The dishes span genres and come with cutesy yellow-accented packaging. It aims to deliver food within a half an hour, and like other companies with millions in funding, it touts use of tech to keep things fast. An internal app tracks timing of cooking, delivery, maps, and more. It’s one of the better known delivery restaurants in the city.


Delivery Only
Where to Order: Deliveryonly.nyc, currently delivering in FiDi
Number of Partners: Four
Running Since: March 2016
Sample menu items: chicken tenders, Nashville hot fried chicken, fries, mac and cheese

Delivery Only

Managing partner Tim Powell has worked in restaurants and hospitality in New York for two decades, including at national steakhouse chain Hillstone’s. He decided to start the project after he couldn’t find what he wanted for delivery on the Upper East Side. He started researching and realized that people ordered the same items over and over again — things like a house salad, chicken tenders, fries. He hired a former Per Se chef to develop the menu and prides the restaurant on making everything to order and from scratch, including all the bread.

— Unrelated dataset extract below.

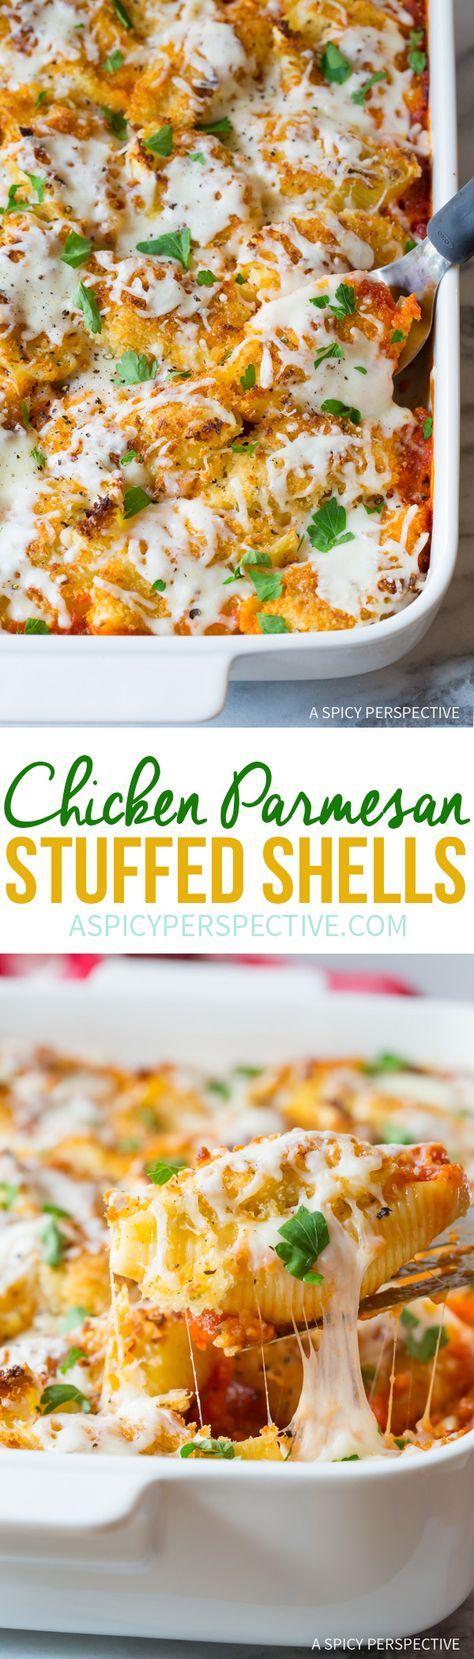 Perfect Chicken Parmesan Stuffed Shells Recipe via @spicyperspectiv

Powell envisions having commissary kitchens across Manhattan, mostly in places where the residential density is higher. (Delivery Only focuses on dinner, although the team will be relaunching weekend brunch soon.) All of them would bear the Delivery Only name, and the menu will remain mostly the same, besides some rotating specials. Many of the orders are for families, and despite the "delivery only" line, Powell finds that running the virtual restaurant isn’t significantly different from running a more typical one. "You’re basically talking to a brick and mortar, without a dining room," he says.